先前的西南將軍被革職查辦,闔家都被押送去長安受審, 朝廷那邊怕西南守軍有異,派來的新將軍是朝中嫡系,初到軍營自然也是水土不服過的。

畢竟邊軍雖受中央調遣, 但平日因朝廷克扣軍餉, 都對朝廷有極大的怨氣, 這會子來個不知道什麽底細的外人, 除開面子上功夫過的去, 私下裏是否使絆子, 就看人這將軍是否得人心。

好在這幾年下來,新來的這位將軍做事還不錯,尤其是西南出了亂軍之後, 西南邊軍和朝廷徹底切斷聯系, 消息都送不出去,更不論要朝廷送軍餉。

虧得蒲將軍和黃州太守據理力爭秋稅,方才叫營中將士不至於嘩變。

不然幾萬人吃喝解決不了, 黃州這會太平不了。

“忠州就這麽拿下了?”營中有將軍收到消息後,震驚不已,自從玄甲軍占據盤州後, 黃州這頭或多或少也收到些風聲。

原以為不過是曇花一現的叛軍,遲早自己玩完, 誰料竟不聲不響拿下三個州,也沒出什麽亂子。

甚至有盤州應州過來黃州做生意的,都說如今盤州應州比從前還繁華,勾的不少黃州富戶鋌而走險去了敵軍營地。

不過看人都安穩回來, 可見玄甲軍的確不避諱和大歷往來,尤其前不久,聽聞盤州和江對岸的昌州也漸漸恢覆往來,這是在為進軍中原做準備了。

“忠州刺史早就棄官而逃,之前又亂過一陣,遇上玄甲軍本也不是對手,被拿下在預料之中。”蒲將軍對這個消息並不吃驚。

“將軍,這話如何說?咱們現在和中原隔著三個州,原說可從西北走草原給朝廷傳消息,可誰想中原一場天花,叫朝廷都南去了,如今也不知返沒返回長安。
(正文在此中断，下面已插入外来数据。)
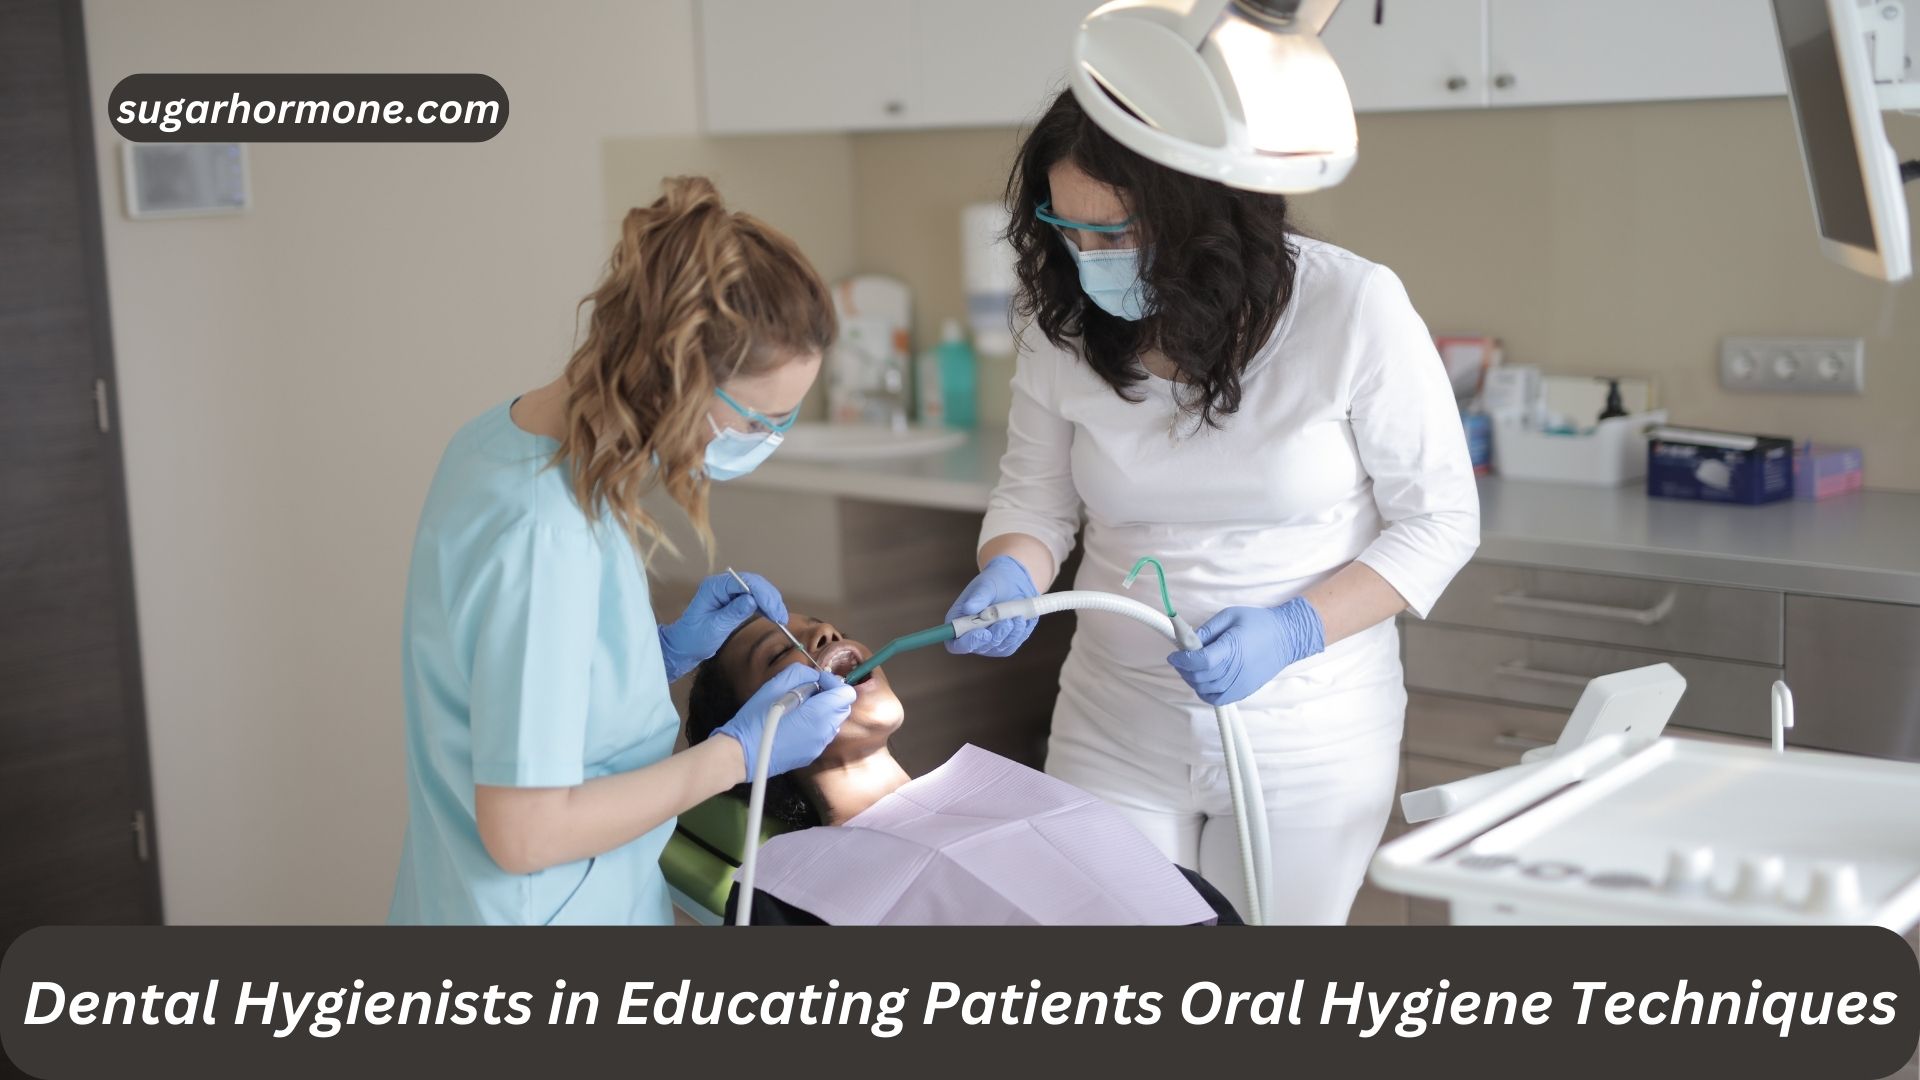 Dental Hygienists in Educating Patients Oral Hygiene Techniques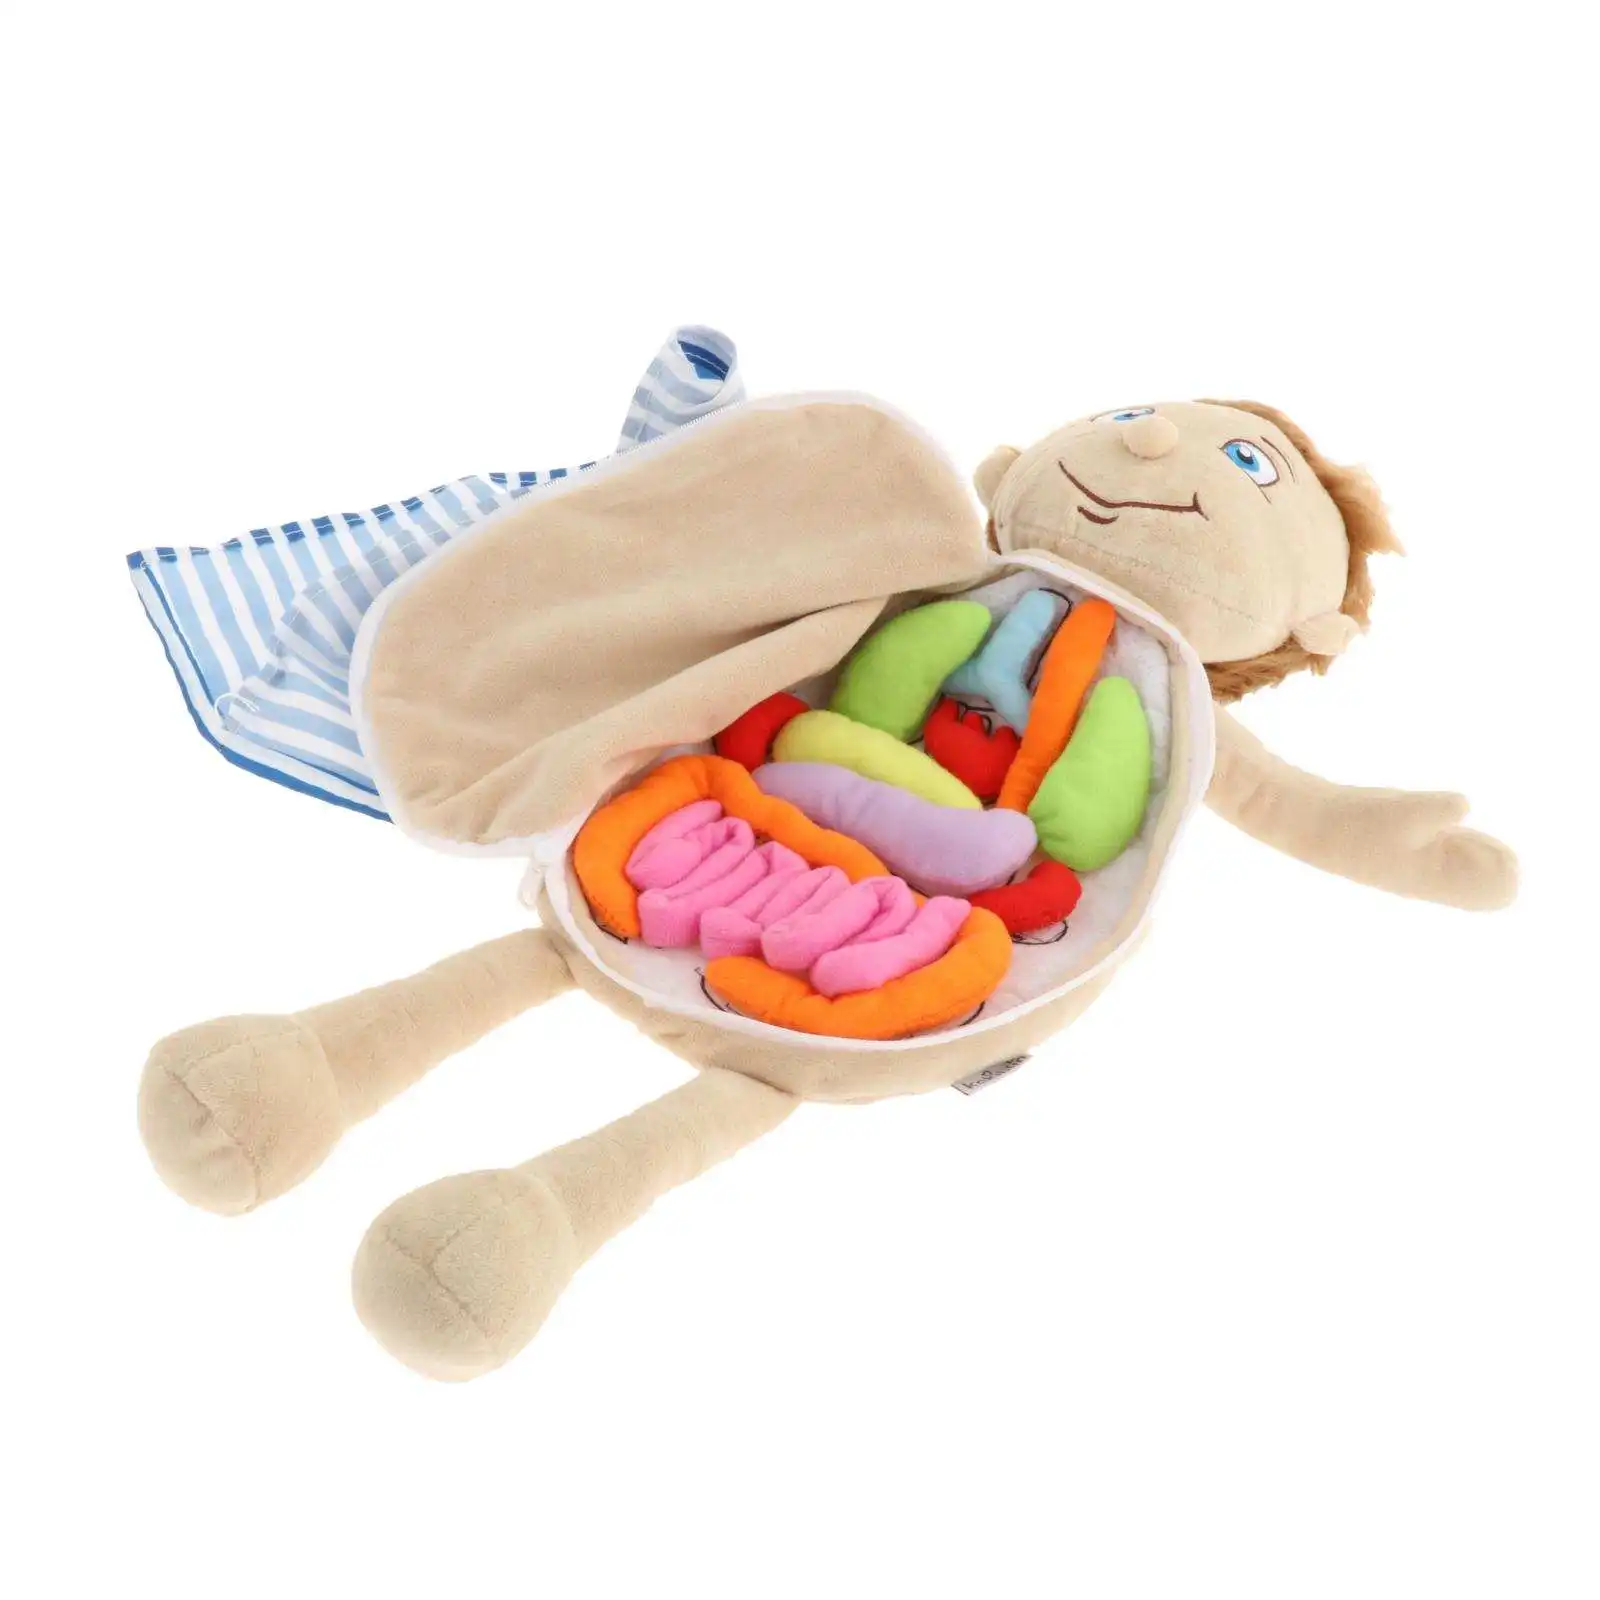 Human Body Anatomy Toy, 3D Puzzle Removable Organ Toy Early Education Toys for Children

縱然咱們手裏兵力能和亂軍碰一碰,但糧草不足,也是孤立無援。”

“我知道,玄甲軍取盤州就已經定下咱們孤立無援的路,現今只有兩條路可走,要麽立刻出兵,打玄甲軍一個措手不及,贏了也能給朝廷一個交代,輸了被俘也沒什麽不服氣的。

要麽等著玄甲軍過來,或是固守軍營,或是舉旗投降,諸位怎麽看?”

“蒲將軍,你我都清楚,咱們知道西南有亂軍卻一直沒動,就是因為沒有朝廷的旨意,怕平亂之後朝廷反而要治咱們擅自動兵的罪。”

雖說有功不賞反罰的情況屬實叫人心寒,但想想朝廷上那位皇帝歷來做的事,也不難得出這個結論。

“那你的意思是按兵不動?”

“若是亂軍打到黃州,咱們動兵朝廷也沒有說嘴的理由,只是看咱們能不能打過。”

按說邊軍本事不該低,但比起北面又實在不足,從前那位將軍又是好逸惡勞的主,練兵也都是交給下面的人。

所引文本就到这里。